Essentially, a securities-backed loan is a line of credit derived from the client’s portfolio. In a hypothetical example, Jane has $250,000 in non-retirement assets and she wants to access $25,000 for home improvements. SBL might be appropriate for her and perhaps a better idea than a HELOC or personal loan, particularly if she has a long-term investing horizon and isn’t imminently approaching retirement.
“Another appealing benefit of SBL from your client’s point of view is that holding onto their assets means they can continue to receive benefits such as dividends, interest and appreciation. And if they’re eager to leave a legacy to their heirs, preserving the portfolio can be a more thoughtful long-term plan,” notes Debra Griffin of Nationwide.
Of course, SBL isn’t appropriate for all clients and some would be loath to part with assets to pay for, say healthcare expenses, but there some perks with this form of accessing capital.
“SBL can be considered for a variety of large expenses, ranging from tax payments to a real estate purchase, from emergency cash to a home renovation. But it should be noted that a securities-backed line of credit cannot be used to purchase additional securities,” adds Griffin.
Other SBL Perks
The advantages of SBLs don’t end there. Hopefully, most clients aren’t in a position where they have to worry about personal credit scores, but if they are, SBL is an avenue to consider because credit is less relevant here because the lender knows the loan is backed by a liquid, identifiable asset.
Additionally, interest rates on SBL products are usually superior to those of HELOCs and personal loans and come with lower transaction fees.

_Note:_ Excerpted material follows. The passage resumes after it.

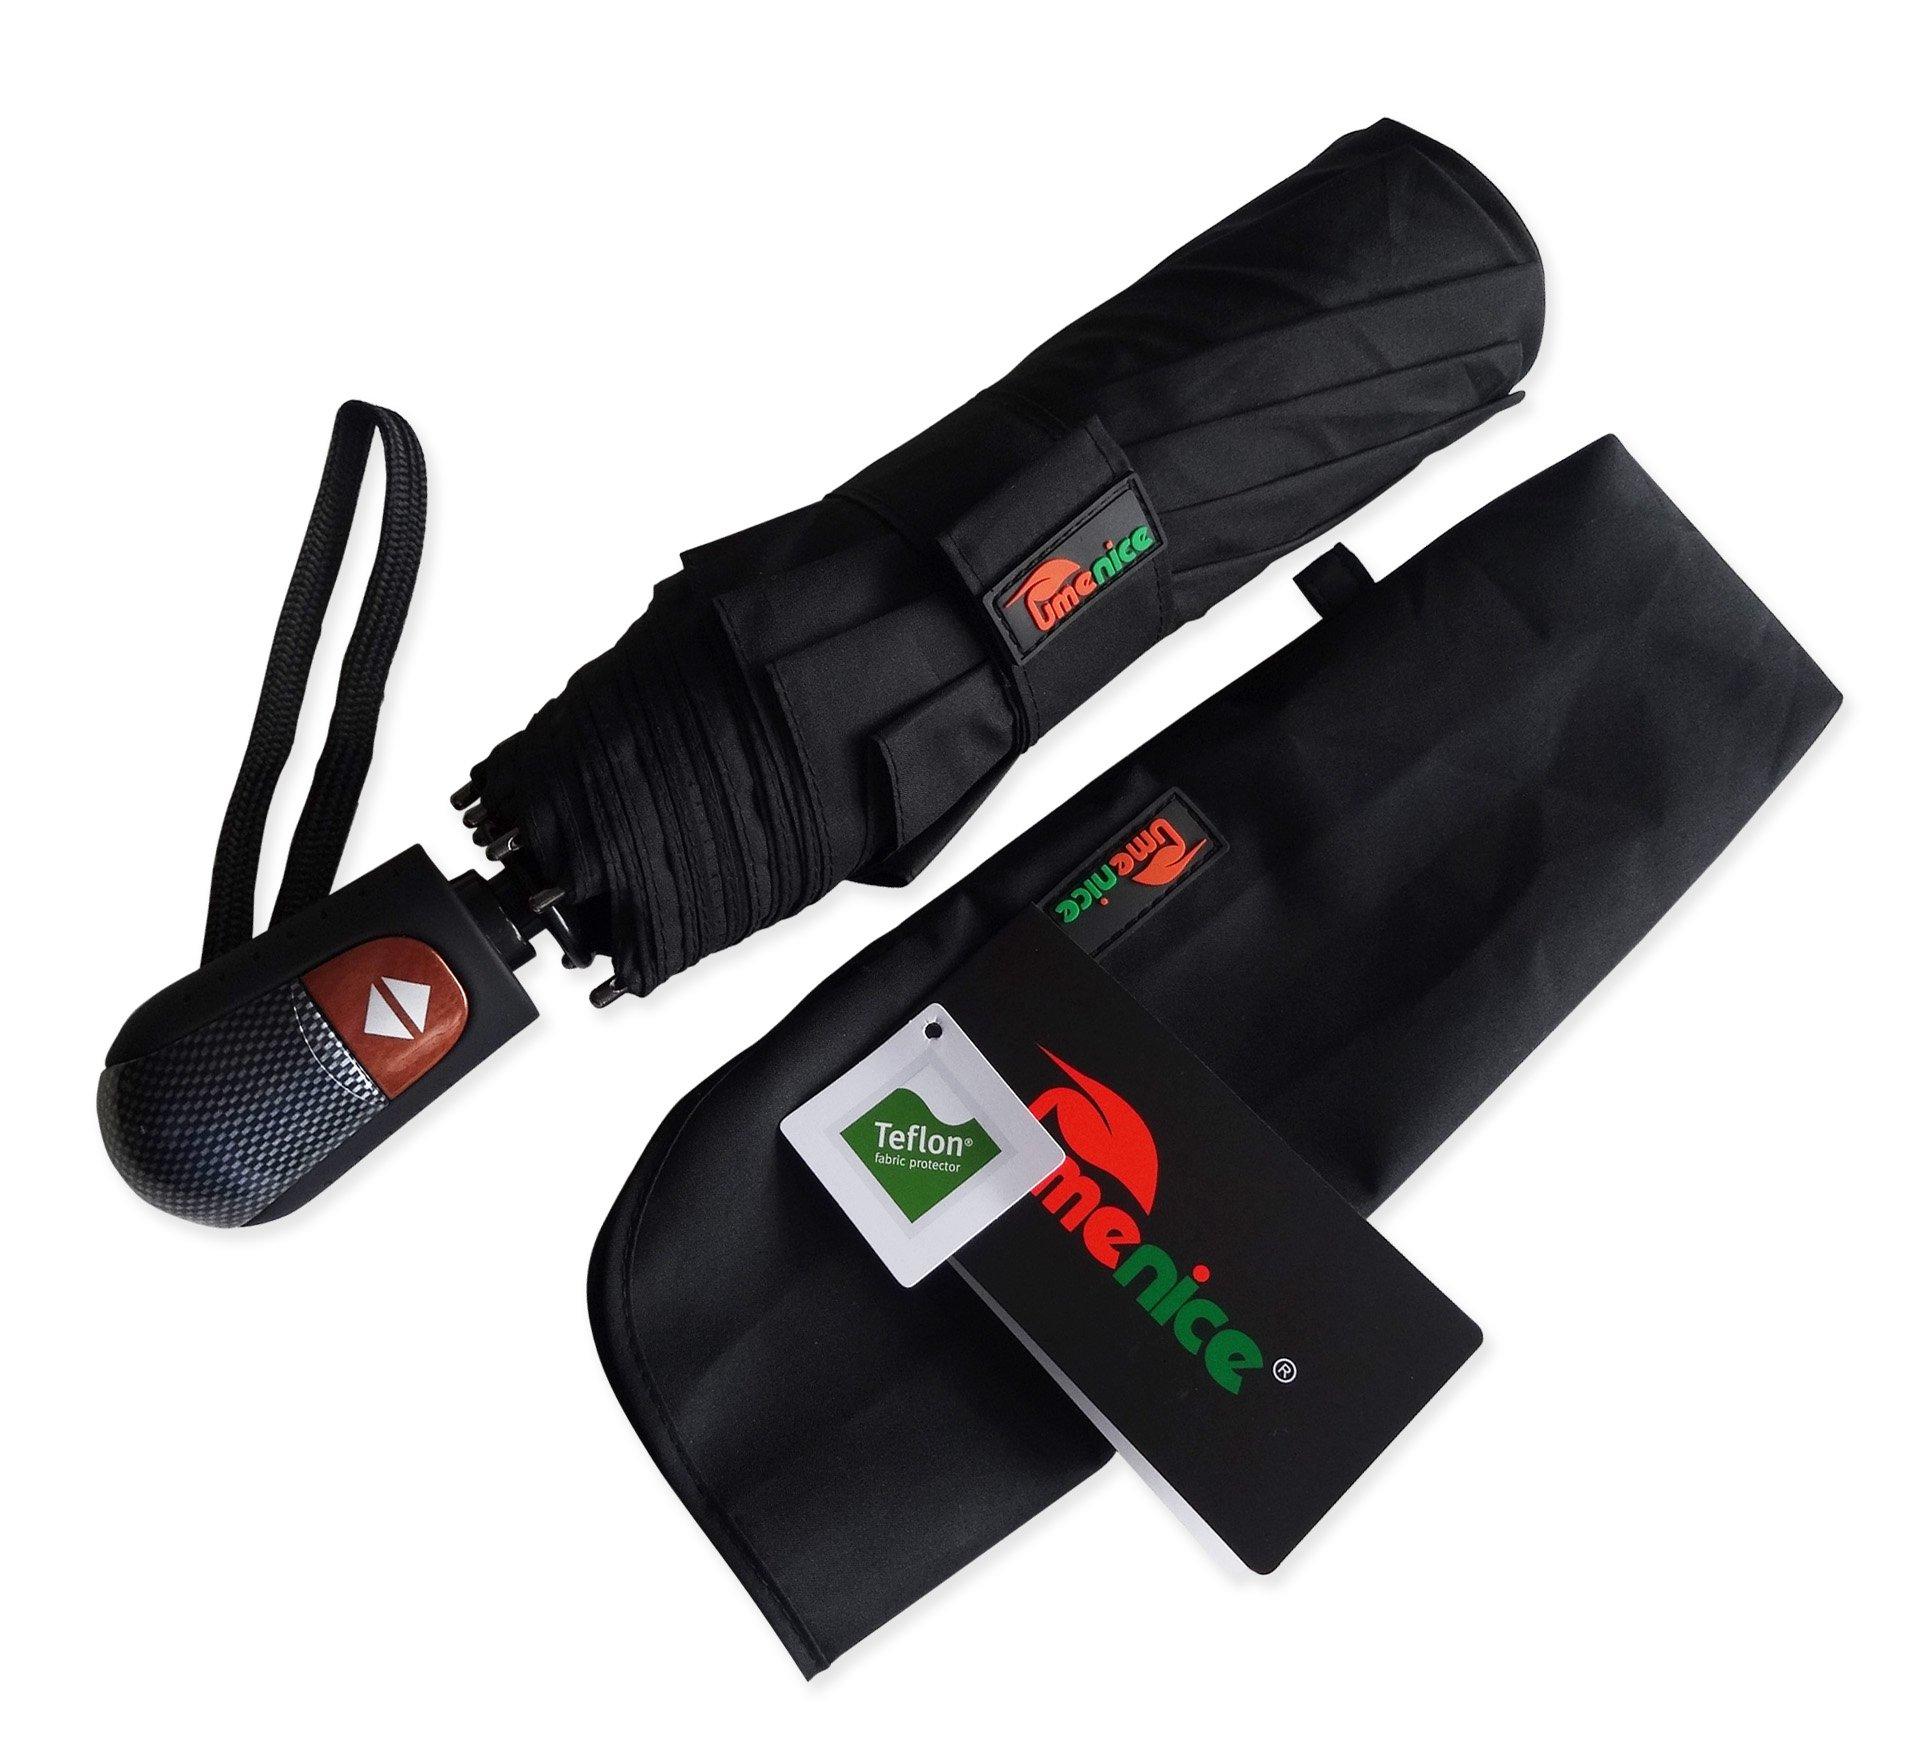 Umenice Parapluie haut de gamme Golf Automatique, 9 baleines, Auvent de couleur noire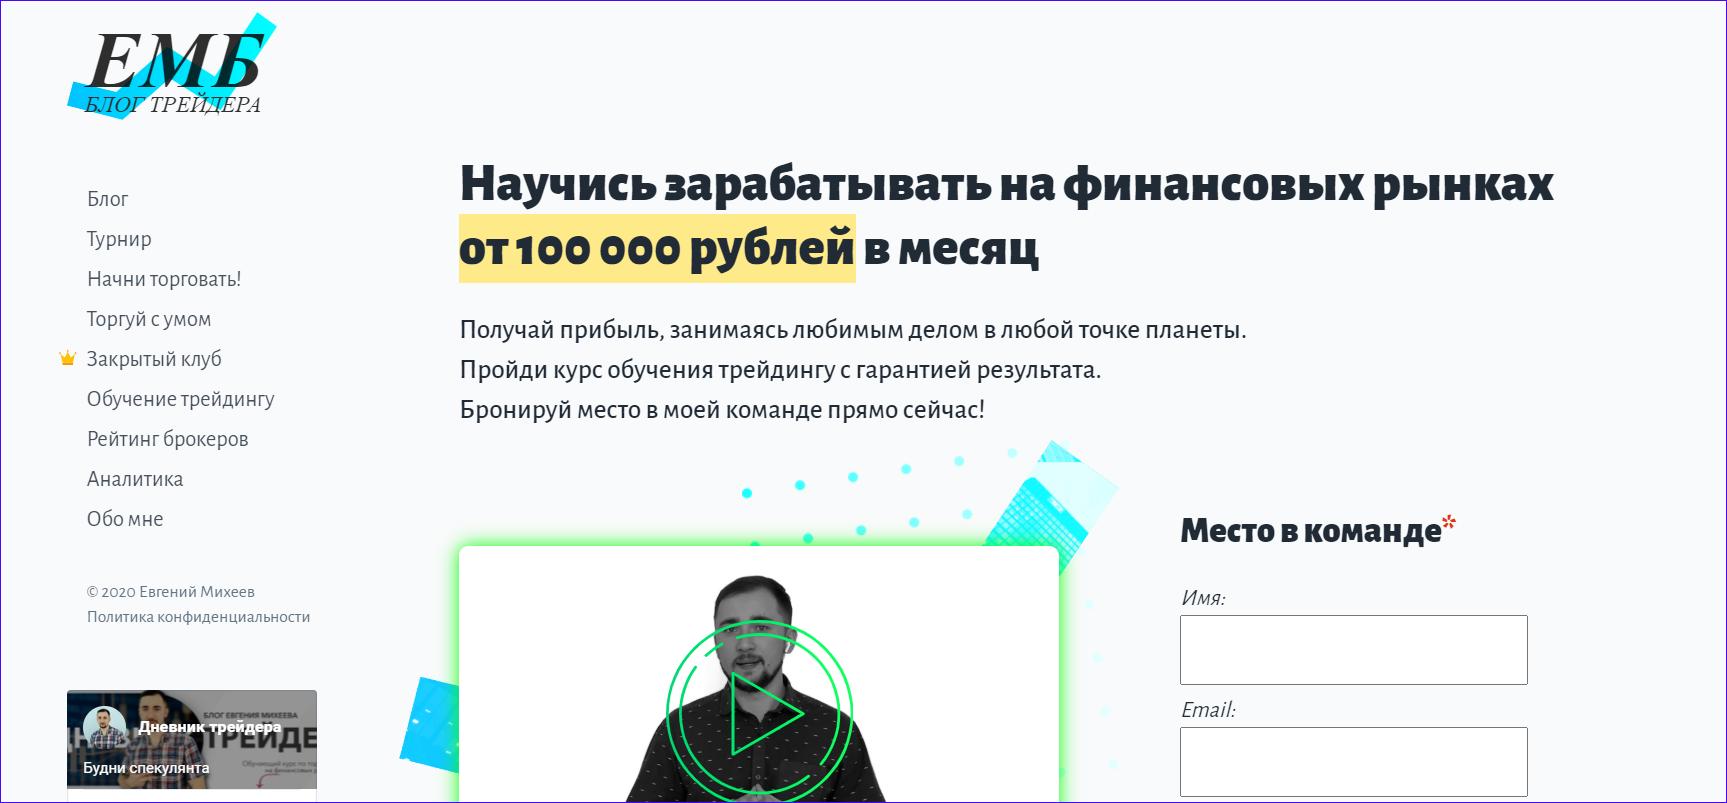 100 000 рублей так выделены в тексте, что сложно устоять

“Perhaps the most compelling reason that SBL could be a suitable solution is that interest rates tend to be lower than those of a traditional loan—and the cost of funding via SBL usually compares favorably vs. a HELOC, too,” concludes Griffin. “Unlike a traditional term loan, most types of securities-backed lines of credit don’t have a stated maturity or fixed repayment schedule, giving clients more flexibility to manage the line of credit as they wish.”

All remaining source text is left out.